* **Problem description**
Could you copy the data that follows exactly as written, but drop the pictures?

* **Information provided**

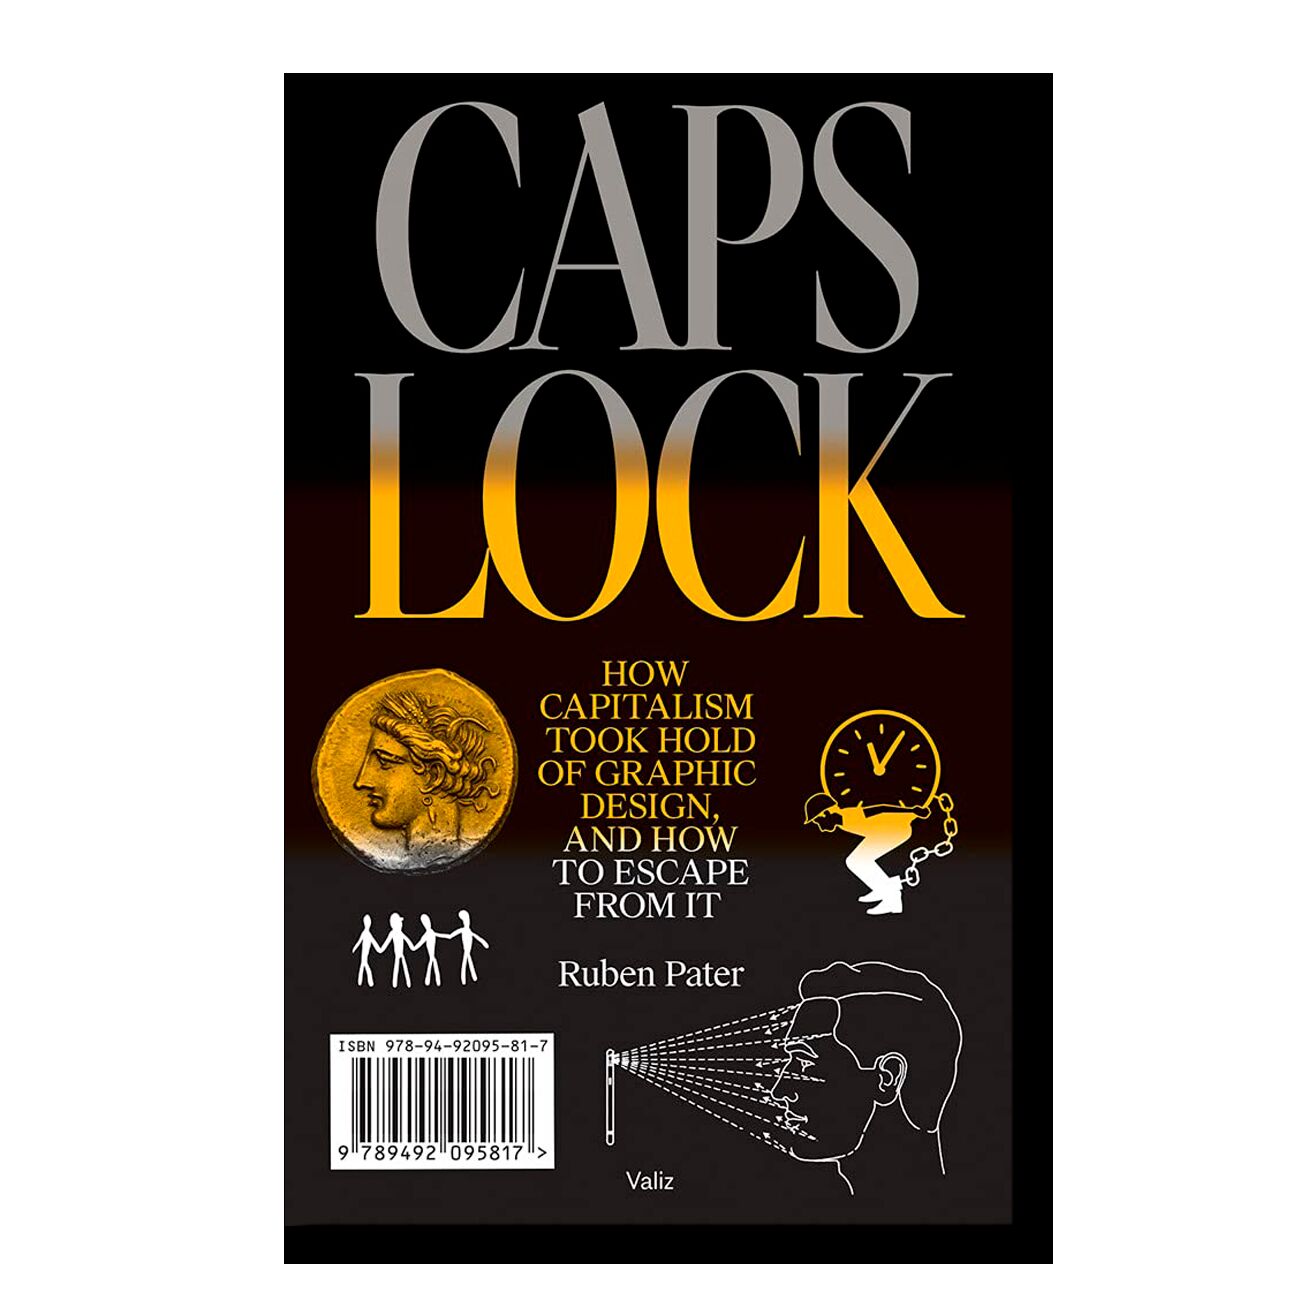 CAPS LOCK: How Capitalism Took Hold of Graphic Design
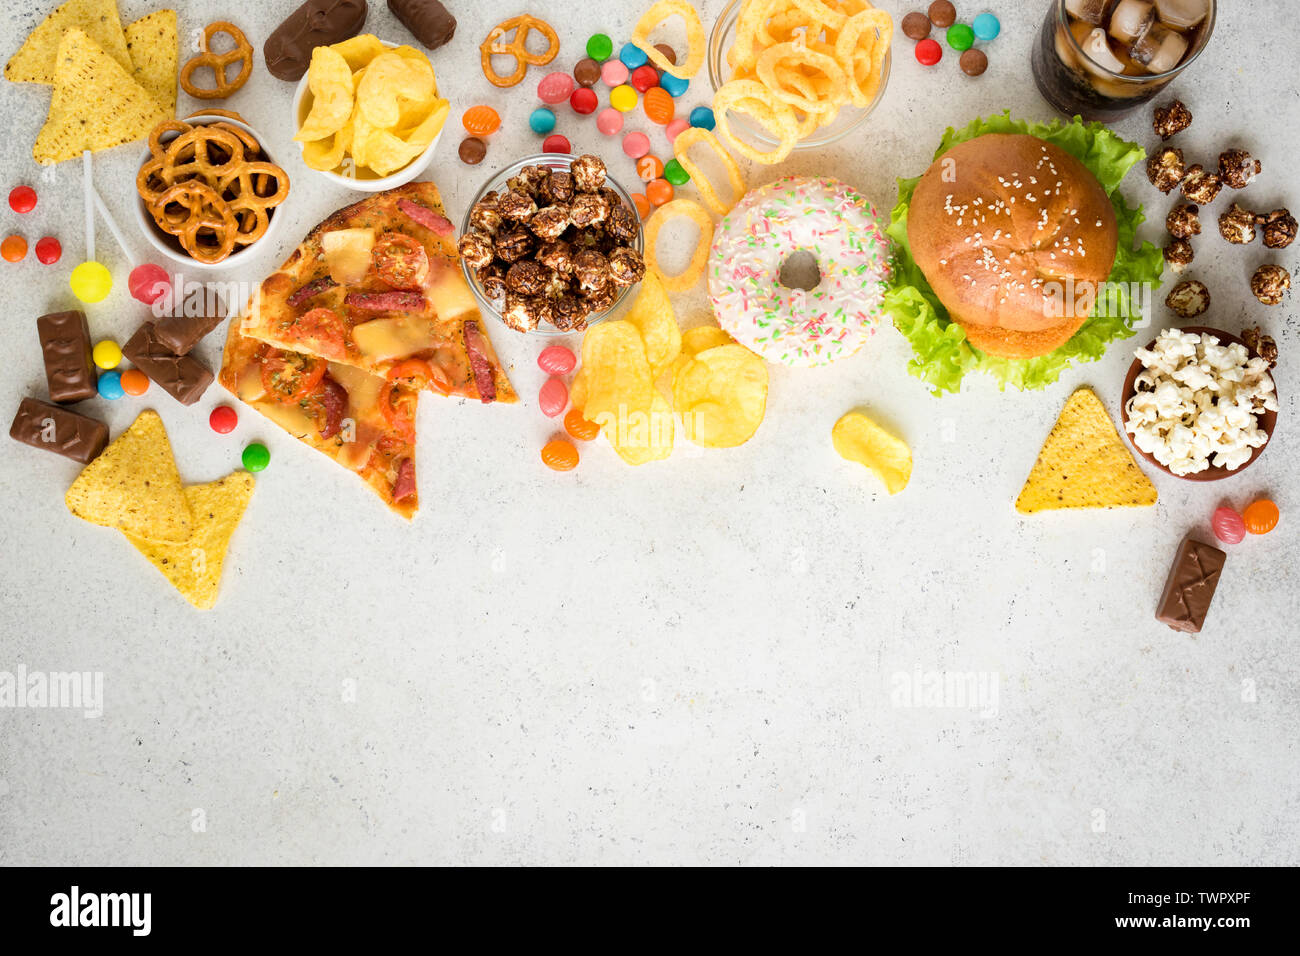 Sortiment an ungesunde Nahrung, Ansicht von oben, kopieren. Ungesunde Ernährung, Junk food Konzept. Stockfoto
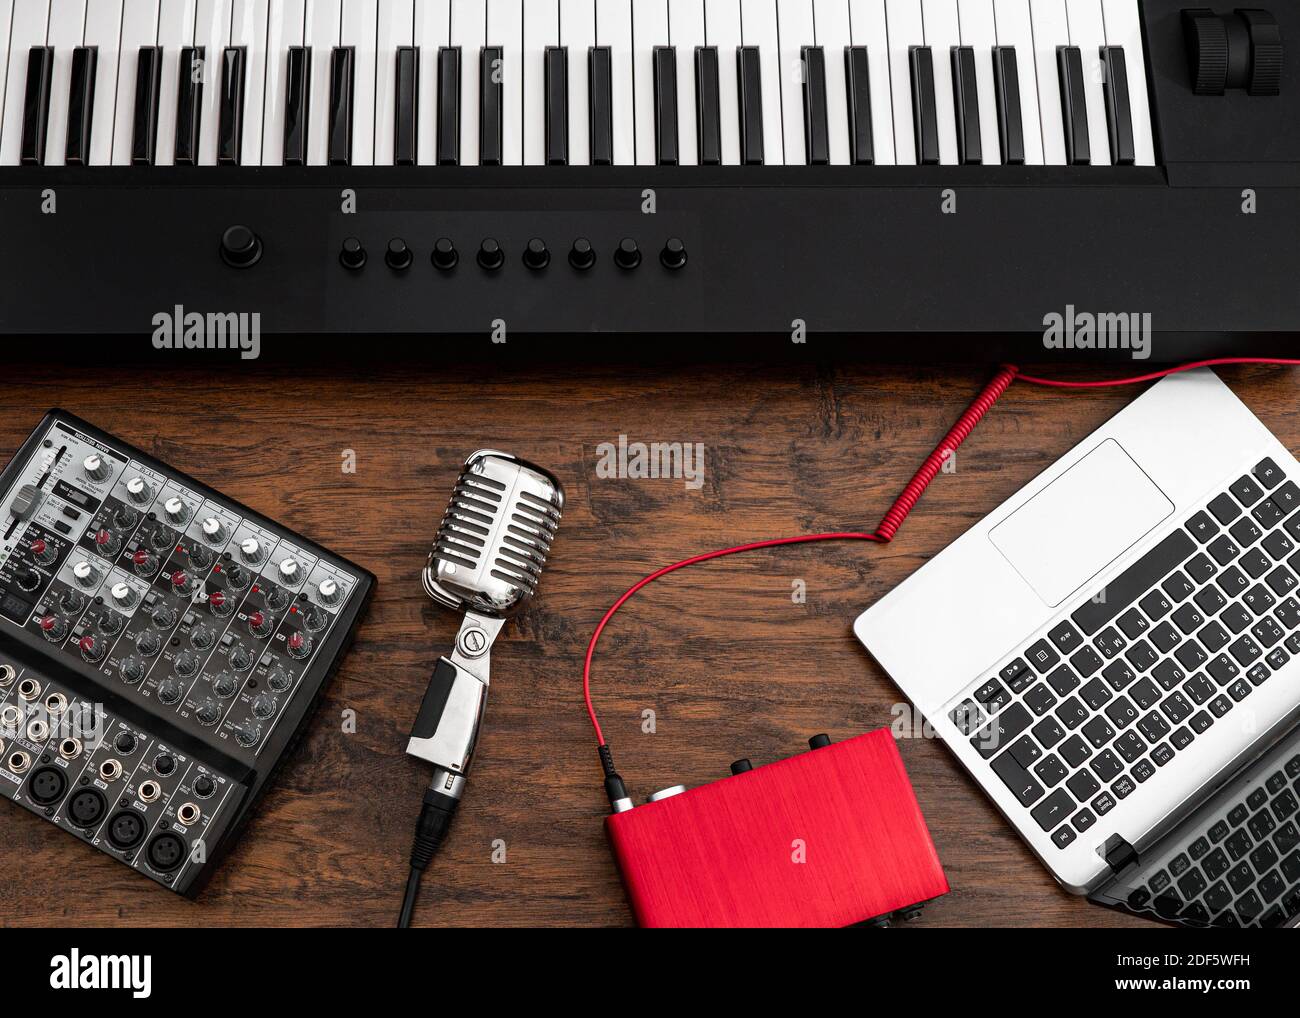 neus Onafhankelijk pastel Piano, laptop, microphone and sound card. Home record studio Stock Photo -  Alamy

* **Finished exercise**
 CAPS LOCK: How Capitalism Took Hold of Graphic Design
 Sortiment an ungesunde Nahrung, Ansicht von oben, kopieren. Ungesunde Ernährung, Junk food Konzept. Stockfoto
 neus Onafhankelijk pastel Piano, laptop, microphone and sound card. Home record studio Stock Photo -  Alamy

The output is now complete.